Border Patrol: 9 Migrants Die Crossing Rio Grande Into Texas

Border Patrol: 9 Migrants Die Crossing Rio Grande Into Texas
A member of the Texas National Guard looks across the Rio Grande to Mexico from the United States at Eagle Pass, Texas, on Aug. 26, 2022. (Eric Gay/AP Photo)
The Associated Press
9/4/2022
Updated:
9/4/2022

Officials on both sides of the U.S.–Mexico border searched for more victims Saturday after at least nine migrants died while trying to cross the rain-swollen Rio Grande.

U.S. Customs and Border Protection (CBP) and Mexican officials discovered the victims near Eagle Pass, Texas, on Thursday, following days of heavy rains. U.S. officials recovered six bodies, while Mexican teams recovered three, according to a CBP statement. It is one of the deadliest drownings on the U.S.–Mexico border in recent history.

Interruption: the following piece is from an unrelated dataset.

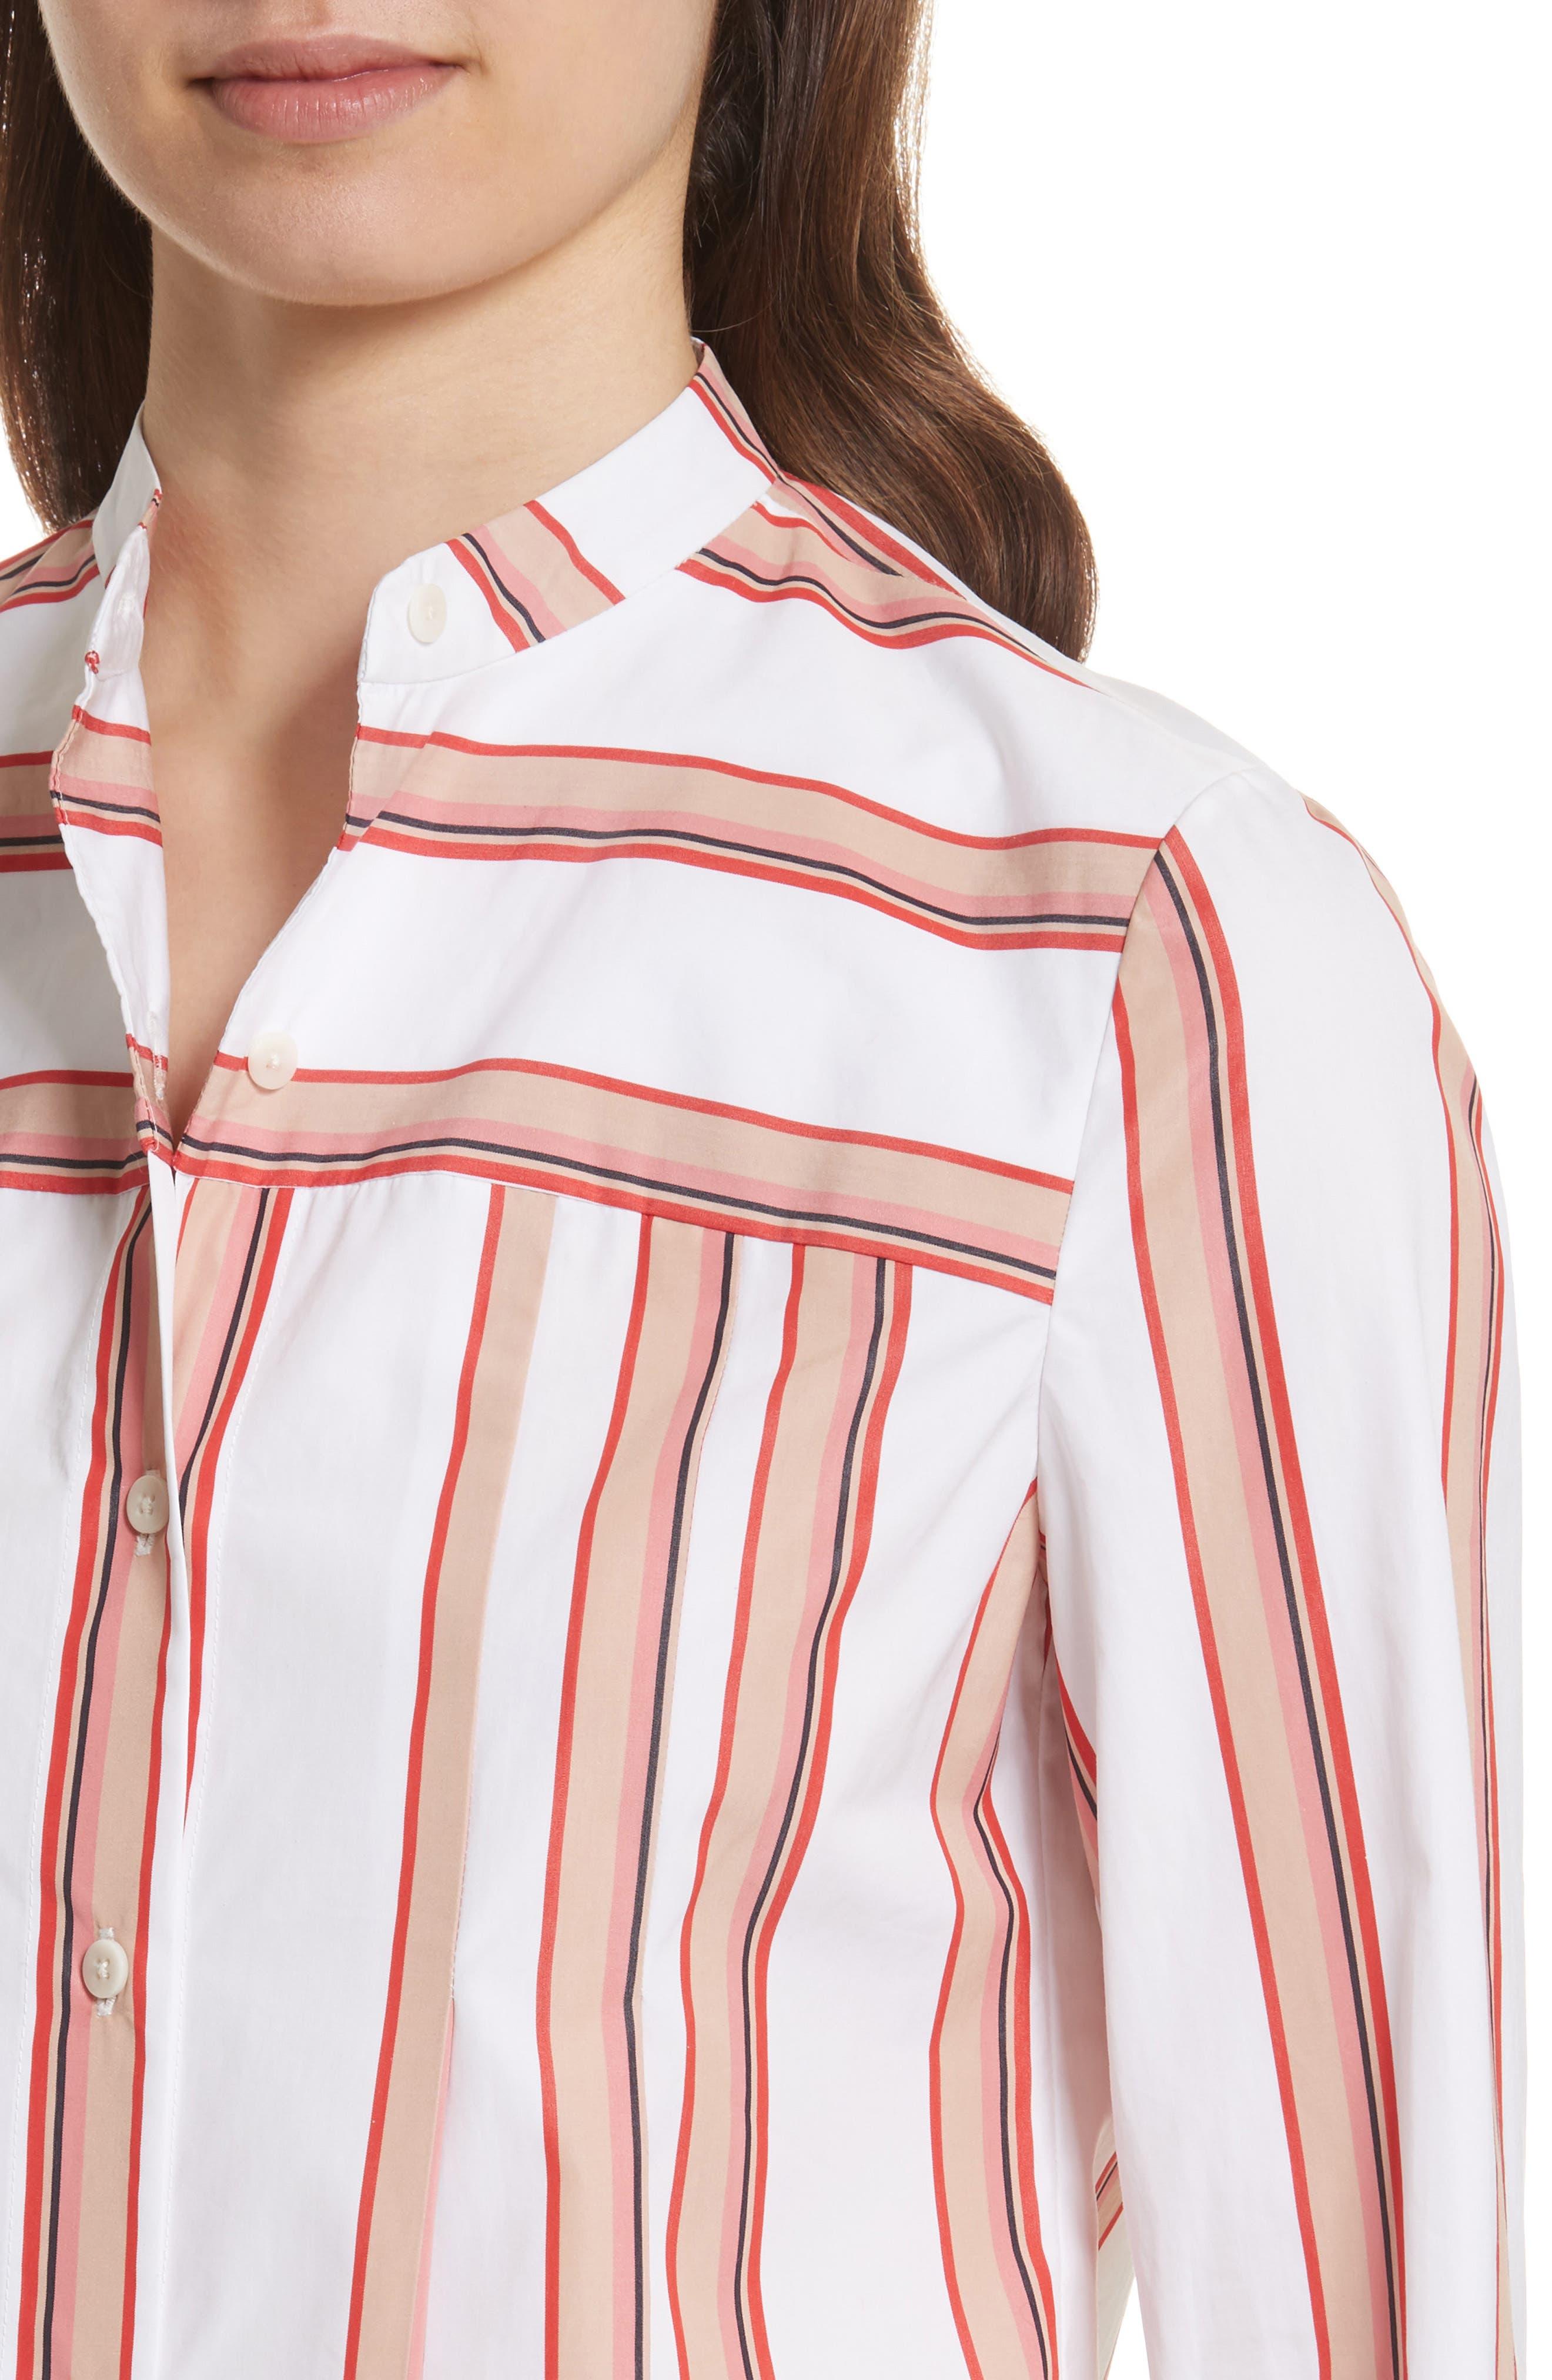 Diane von Furstenberg Stripe Shirt,                             Alternate thumbnail 4, color,                             107

The river, which was a little more than 3 feet deep at the start of the week, reached more than 5 feet on Thursday, and the water was flowing five times faster than usual, according to the National Weather Service.

The CBP said U.S. crews rescued 37 others from the river and detained 16 more, while Mexican officials took 39 migrants into custody.

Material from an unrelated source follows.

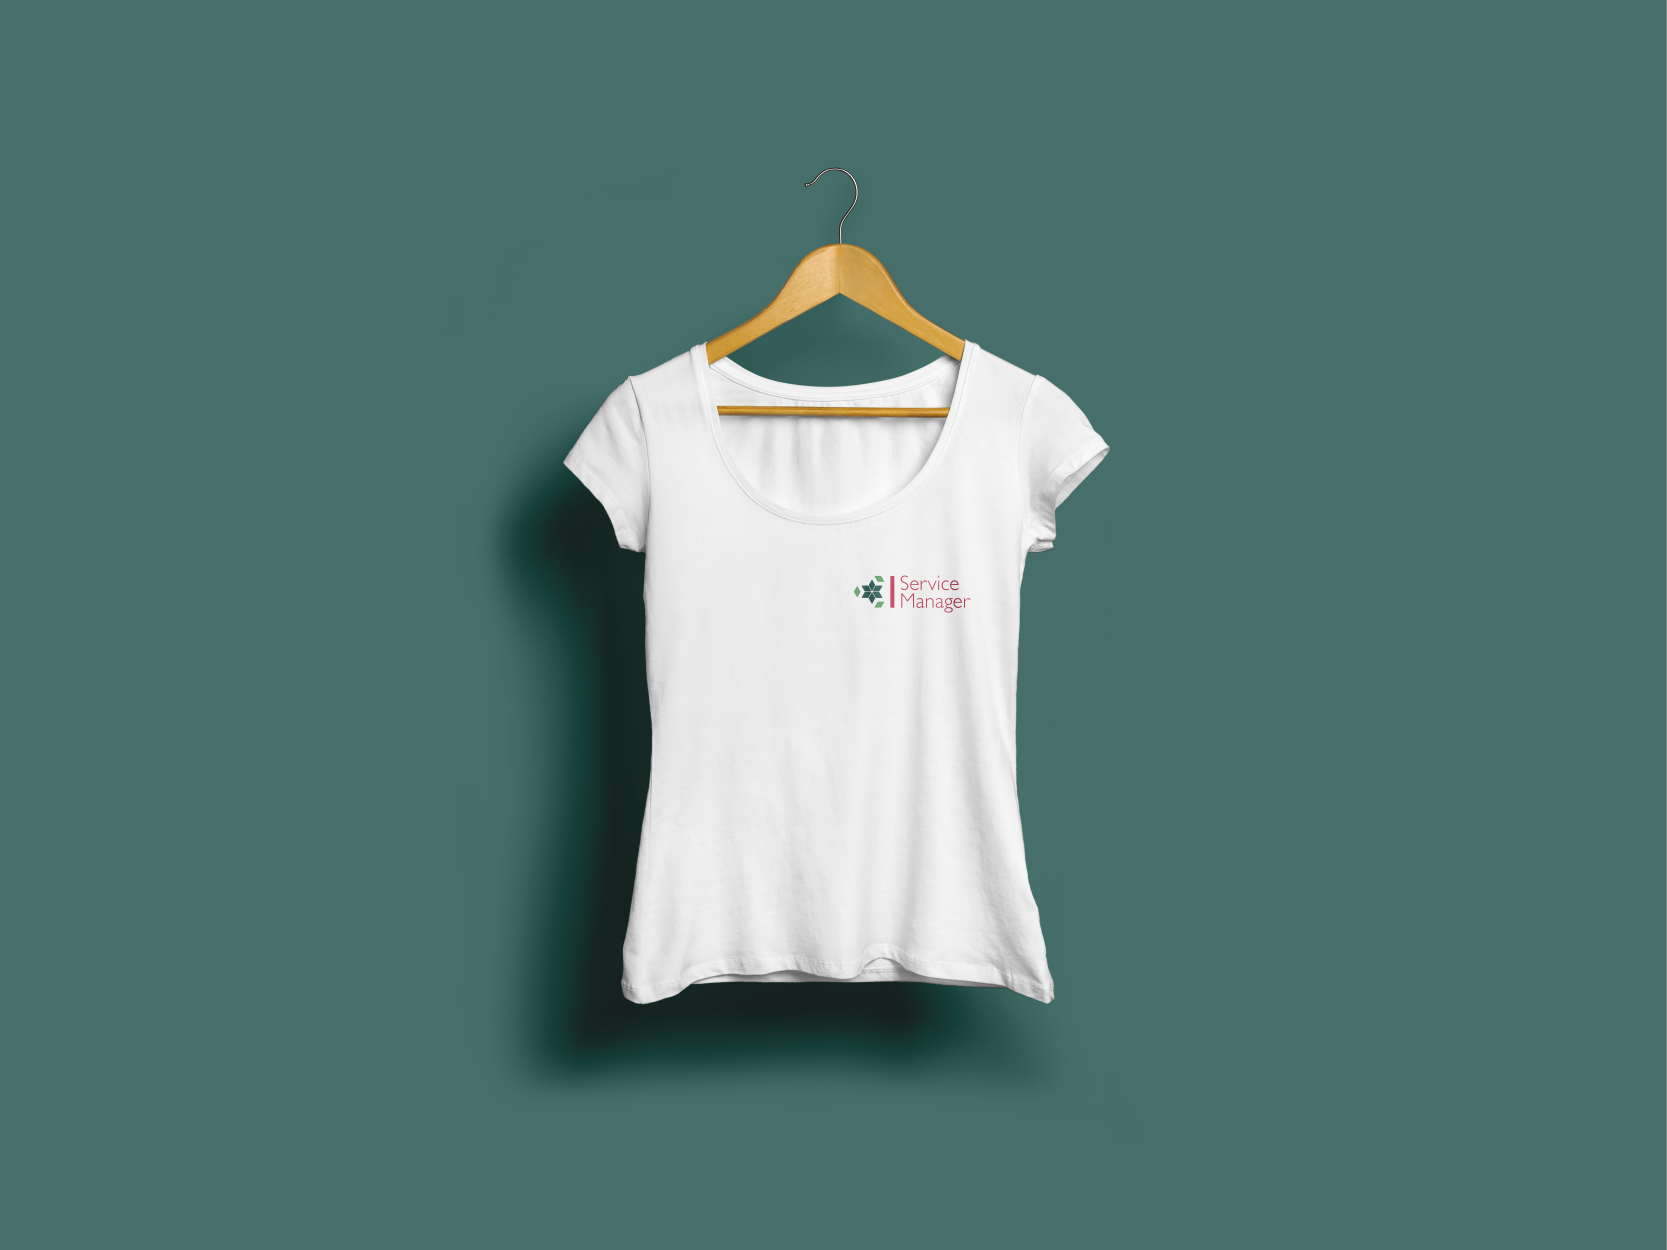 company t-shirt sub-brand design

CBP did not say what country or countries the migrants were from and did not provide any additional information on rescue and search operations. Local agencies in Texas that were involved have not responded to requests for information.

Among the bodies recovered from the river by Mexican authorities were a man and a pregnant woman, although their nationalities were unknown, said Francisco Contreras, a member of Civil Protection in the Mexican border state of Coahuila. No details were released about the third body found.

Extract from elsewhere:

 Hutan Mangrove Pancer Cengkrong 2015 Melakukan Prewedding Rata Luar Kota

The Border Patrol’s Del Rio sector, which includes Eagle Pass, is fast becoming the busiest corridor for illegal crossings. Agents stopped migrants nearly 50,000 times in the sector in July, with Rio Grande Valley a distant second at about 35,000. Eagle Pass is about 140 miles southwest of San Antonio.

Chief Patrol Agent Jason Owens of the Del Rio sector said that despite dangerous currents from recent rainfall, Border Patrol agents in the sector continue to encounter groups as large as 100 or 200 people trying to cross the Rio Grande each day.

“In an effort to prevent further loss of life, we are asking everyone to please avoid crossing illegally,” Owens said in a statement.

The area draws migrants from dozens of countries. About six of 10 stops in the Del Rio sector in July were migrants from Venezuela, Cuba, or Nicaragua. The region also has been a popular crossing point for migrants from Haiti, thousands of whom have been stuck in border towns since 2016, when the Obama administration abruptly halted a policy that initially allowed them in on humanitarian grounds.

The sector, which extends 245 miles along the Río Grande, has been especially dangerous because river currents can be deceptively fast and change quickly. Crossing the river can be challenging even for strong swimmers.

In a news release last month, CBP said it had discovered bodies of more than 200 dead migrants in the sector from October through July.

This year is on track to break last year’s record for the most deaths on the U.S.–Mexico border since 2014, when the U.N. International Organization for Migration began keeping records. The organization has tallied more than 4,000 deaths on the border since 2014, based on news reports and other sources, including 728 last year and 412 during the first seven months of this year, often from dehydration or drowning. June was the fourth-deadliest month on record, with 138 fatalities.

The Border Patrol has not released official tallies since 2020.

In June, 53 illegal immigrants were found dead or dying in a tractor-trailer on a back road in San Antonio in the deadliest documented tragedy to claim the lives of illegal immigrants smuggled across the border from Mexico.

Some of the busiest crossings on the border—including Eagle Pass and Yuma, Arizona—were relatively quiet two years ago and now largely draw migrants from outside Mexico and Central America’s “Northern Triangle” countries of Guatemala, Honduras, and El Salvador. Mexico has agreed to take migrants from the “Northern Triangle” countries, as well as its own nationals, if they are expelled from the United States under Title 42, the pandemic rule in effect since March 2020 that denies rights to seek asylum on grounds of preventing the spread of COVID-19.

People from other countries are likely to be released into the United States on humanitarian parole or with notices to appear in immigration court because the United States has difficulty flying them home due to costs, strained diplomatic relations, or other considerations. In the Border Patrol’s Del Rio sector, which includes Eagle Pass, only one of every four stops in July were processed under the pandemic rule, compared to about half across the rest of the border, according to government figures.

Venezuelans were by far the most common nationality encountered by Border Patrol agents in the Del Rio sector in July, accounting for 14,120 of 49,563 stops, or nearly three in 10. They were followed by Cubans, who were stopped 10,275 times, and then by Mexicans, Hondurans, Nicaraguans, and Colombians, in that order.